Smith reports that he has filed a state habeas corpus application and a supplemental application with the 85th District Court of Brazos County, raising claims of ineffective assistance of counsel, new evidence, official misconduct, and other allegations.Smith acknowledges that there has been no final decision on his application, which remains pending before the 85th District Court.Public records of Texas judicial proceedings confirm that the Texas Court of Criminal Appeals has not yet had the opportunity to review Smith's claims. Smith does not show that state habeas corpus review is unavailable or that he fits within a recognized exception to the exhaustion doctrine. Under these circumstances, the pending federal habeas Petition must be dismissed without prejudice for lack of exhaustion. See Rose v. Lundy, 102 S.Ct. 1198, 1203 (1982) ("A rigorously enforced total exhaustion rule will encourage state prisoners to seek full relief first from the state courts, thus giving those courts the first opportunity to review all claims of constitutional error.").

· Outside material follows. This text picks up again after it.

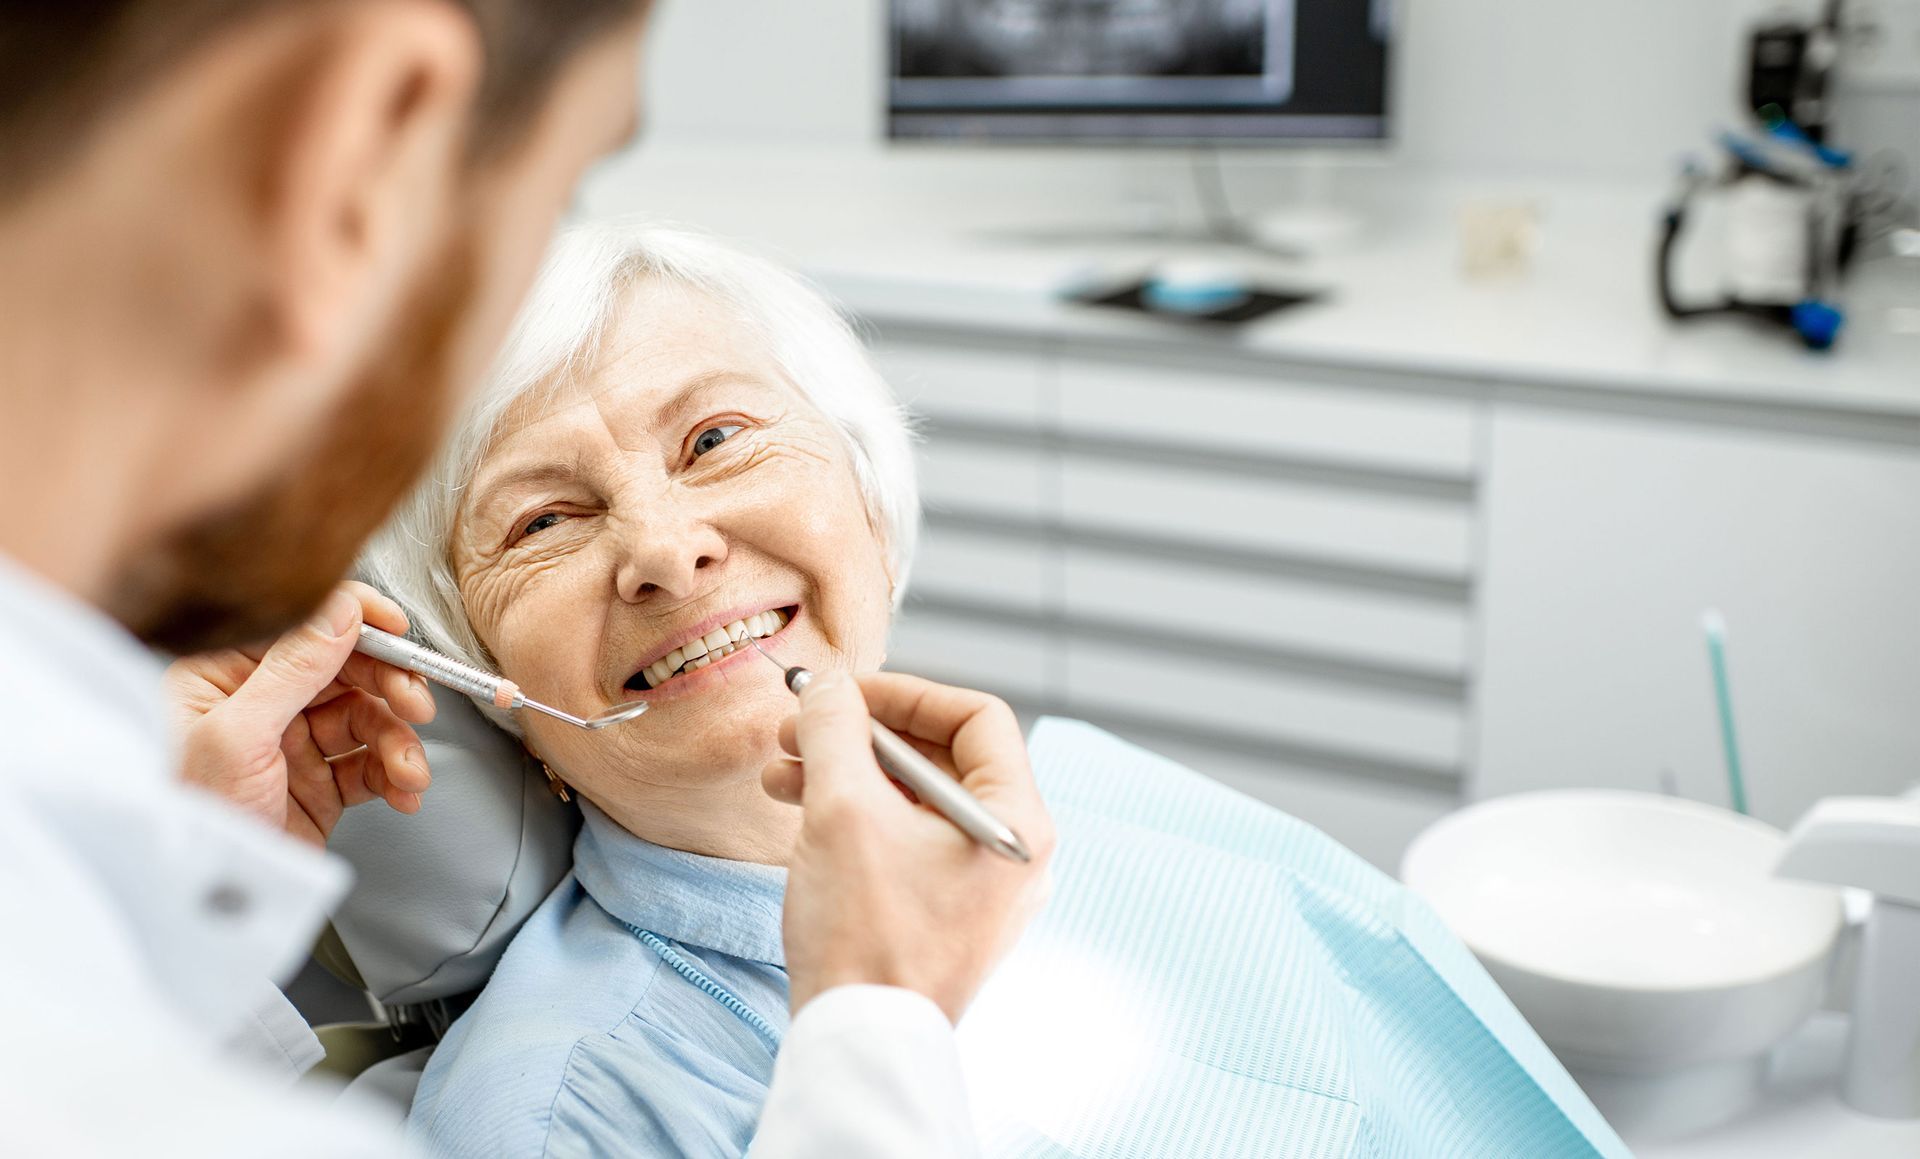 An elderly woman is sitting in a dental chair while a dentist examines her teeth.

Petition, Docket Entry No. 1, p. 8.
Id.
See Texas Judicial Branch website, available at: http://search.txcourts.gov (last visited Sept. 21, 2023).

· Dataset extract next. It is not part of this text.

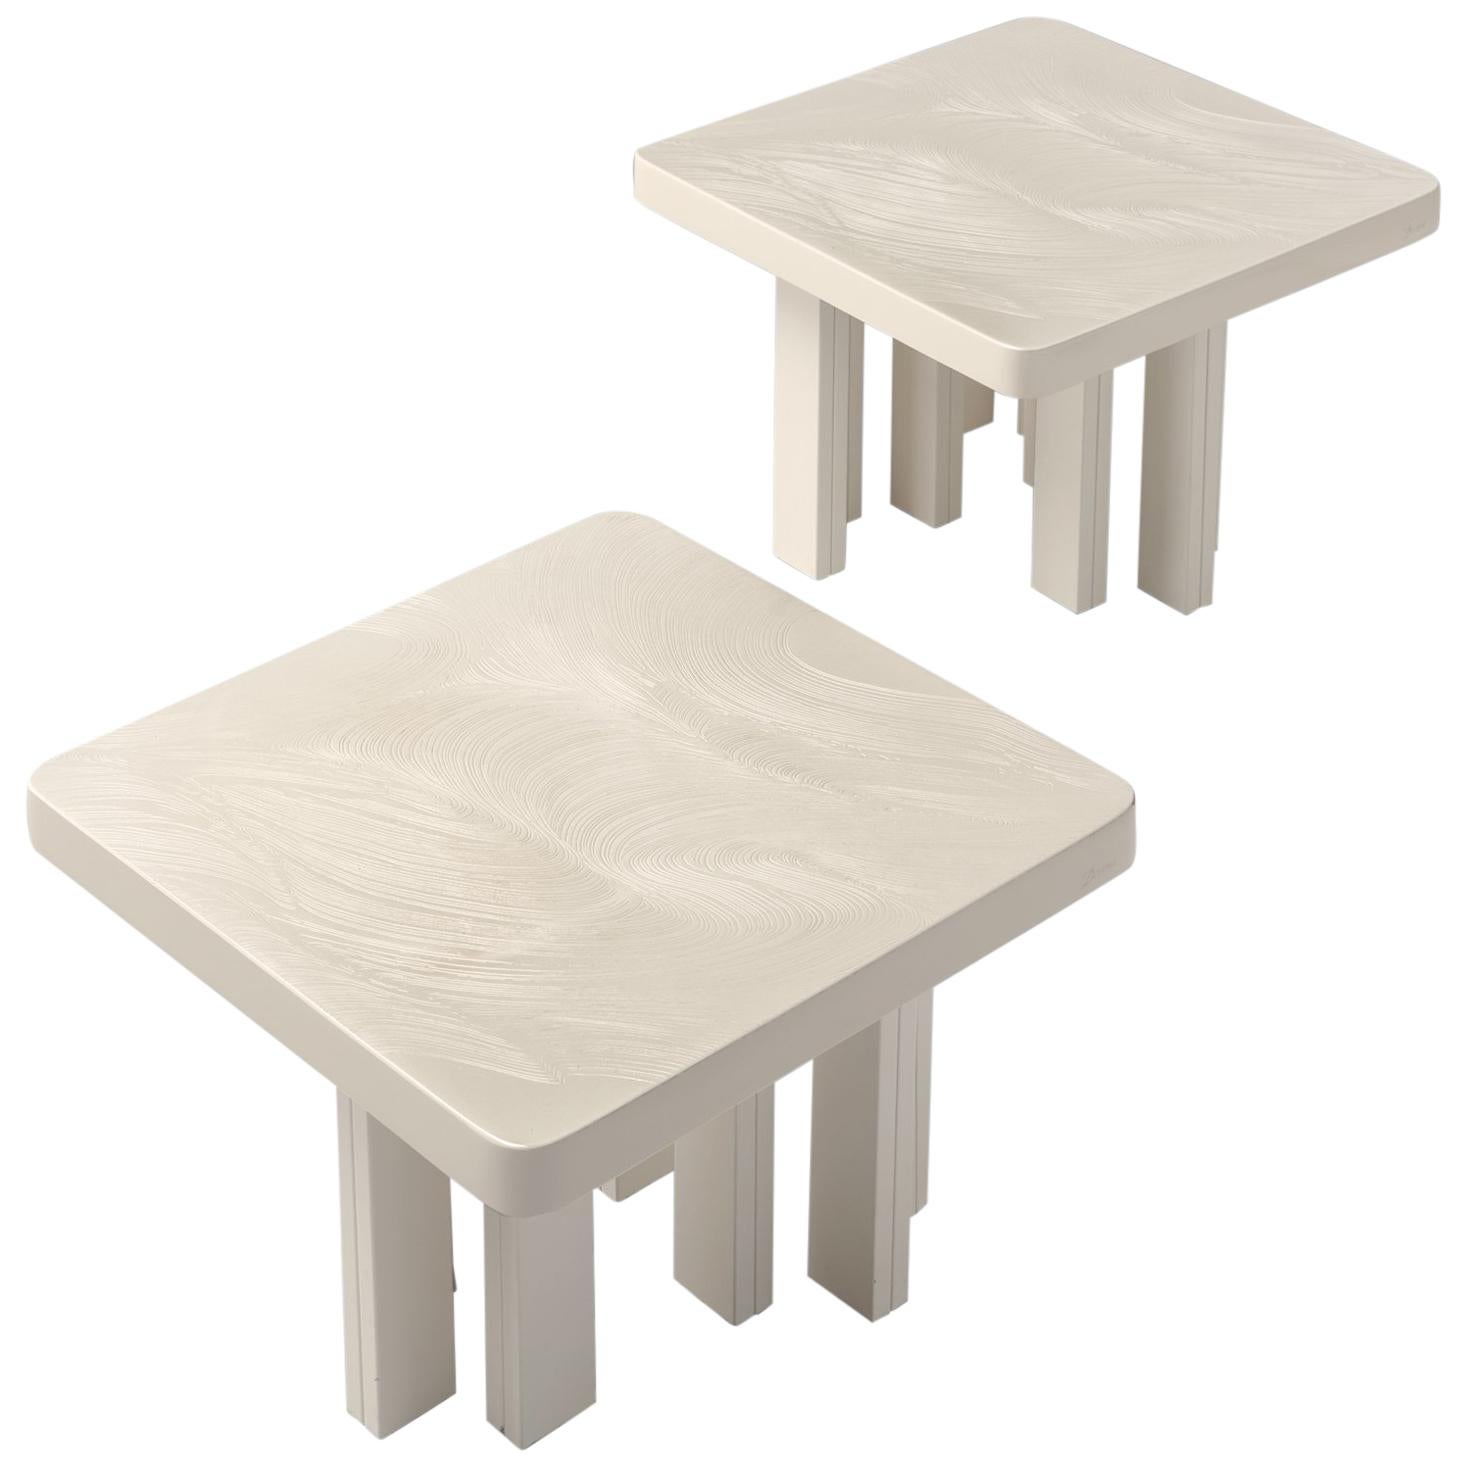 Jean Claude Dresse Pair of Resin Coffee Tables with Hand Drawn Pattern

III. Certificate of Appealability
Rule 11 of the Rules Governing Section 2254 Cases requires a district court to issue or deny a certificate of appealability when entering a final order that is adverse to the petitioner. A certificate of appealability will not issue unless the petitioner makes "a substantial showing of the denial of a constitutional right," 28 U.S.C. § 2253(c)(2), which requires a petitioner to demonstrate "that reasonable jurists would find the district court's assessment of the constitutional claims debatable or wrong." Tennard v. Dretke, 124 S.Ct. 2562, 2565 (2004) (quoting Slack v. McDaniel, 120 S.Ct. 1595, 1604 (2000)). Where denial of relief is based on procedural grounds the petitioner must show not only that "jurists of reason would find it debatable whether the petition states a valid claim of the denial of a constitutional right, 11 but also that they "would find it debatable whether the district court was correct in its procedural ruling." Slack, 120 S.Ct. at 1604. Because reasonable jurists would not debate that the petitioner has not yet exhausted available state court remedies, a certificate of appealability will not issue.
IV. Conclusion and Order
Based on the foregoing, the court ORDERS as follows:
1. The Petition for a Writ of Habeas Corpus by a Person in State Custody filed by Rayford B. Smith (Docket Entry No. 1) is DISMISSED without prejudice for lack of exhaustion.
2. A certificate of appealability is DENIED.
The Clerk shall provide a copy of this Memorandum Opinion and Order to the petitioner.